Le « Ya ba » c’est le nom thaïlandais de la méthamphétamine qui fait des ravages en Thaïlande, cette drogue est consommée par toutes les couches de la société thaïlandaise, des prostitués aux ouvriers, des étudiants aux enseignants, des artistes aux présentateurs télés…

  • Malgré une guerre sanglante contre la drogue et de fréquentes saisies par les autorités, l’offre de comprimés de ya ba a augmenté à un point tel que les prix baissent
  • Selon un expert des Nations Unies, une meilleure approche consiste à gérer les demandes de traitement, de prévention et de minimisation des dommages.

Pichai Gudsorn, 16 ans, est petit pour son âge.

Il a grandi dans la pauvreté, dans un bidonville de la banlieue de Praram III, à Bangkok, avec un frère et six cousins ​​élevés par leur grand-mère, âgée de 70 ans.

Elle gagne très peu sa vie en vendant des ordures et les parents de Pichai lui rendent rarement visite.

«Je n’ai jamais eu d’argent et j’ai été victime d’intimidation à l’école tout le temps parce que j’étais pauvre», a déclaré Pichai – mais tout a changé quand il a été initié à la drogue par un ami.

À l’âge de 12 ans, il commence à vendre des méthamphétamines et abandonne ses études.

Il en prenait également jusqu’à il y a deux mois, lorsqu’il a été arrêté pour la troisième fois pour avoir vendu de la drogue.

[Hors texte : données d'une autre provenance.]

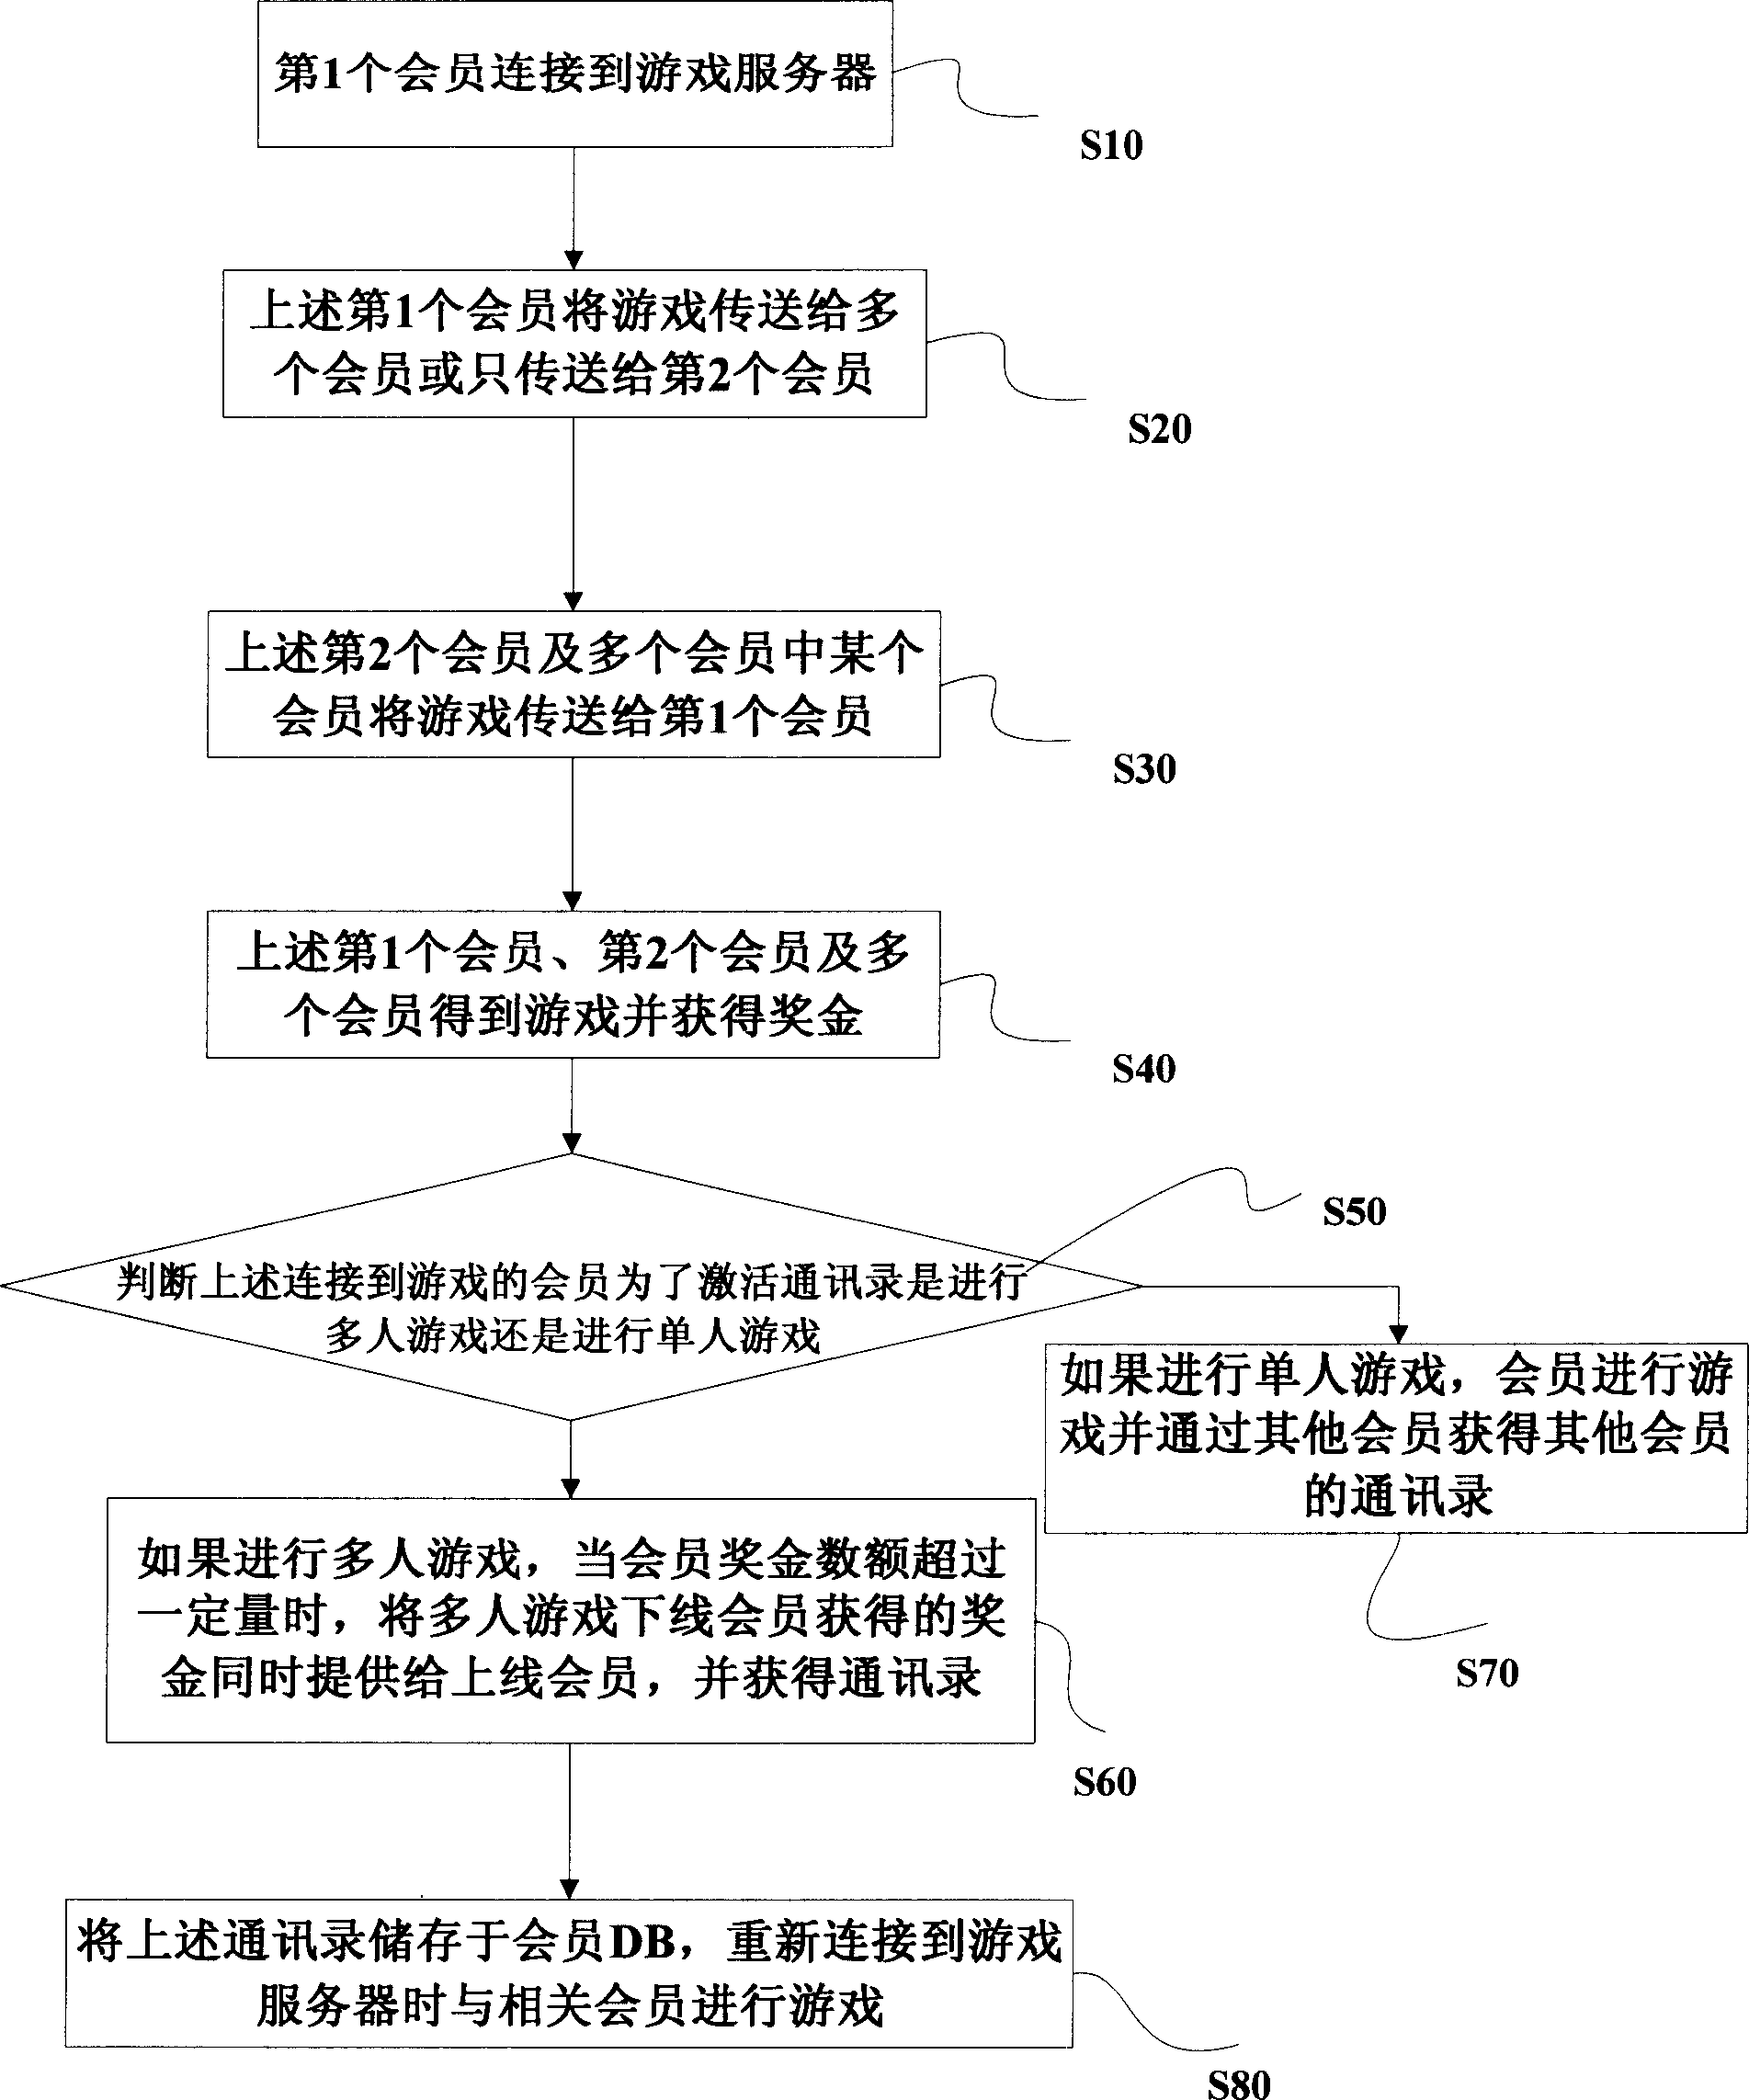 Method for activating communication and address list using games

Des cas comme celui de Pichai sont l’effet secondaire du commerce endémique de ya ba – une drogue associant méthamphétamine et caféine – en Thaïlande, où les prix ont chuté avec l’augmentation de l’offre du produit.

Il y a dix ans, les pilules de ya ba coûtaient entre 250 et 350 bahts chacune, mais l’expérience de Pichai en tant que mule anti-drogue était différente.

«J’ai été payé 200 bahts à 300 bahts pour livrer 20 à 30 comprimés de méthamphétamine.

Plus tard, j’ai acheté (le montant total) pour le vendre à environ 1 500 bahts ou moins si mon crédit est bon… avant de les vendre 250 bahts pour une paire de pilules aux chauffeurs de taxi, aux ouvriers du bâtiment et aux travailleurs migrants », a-t-il déclaré.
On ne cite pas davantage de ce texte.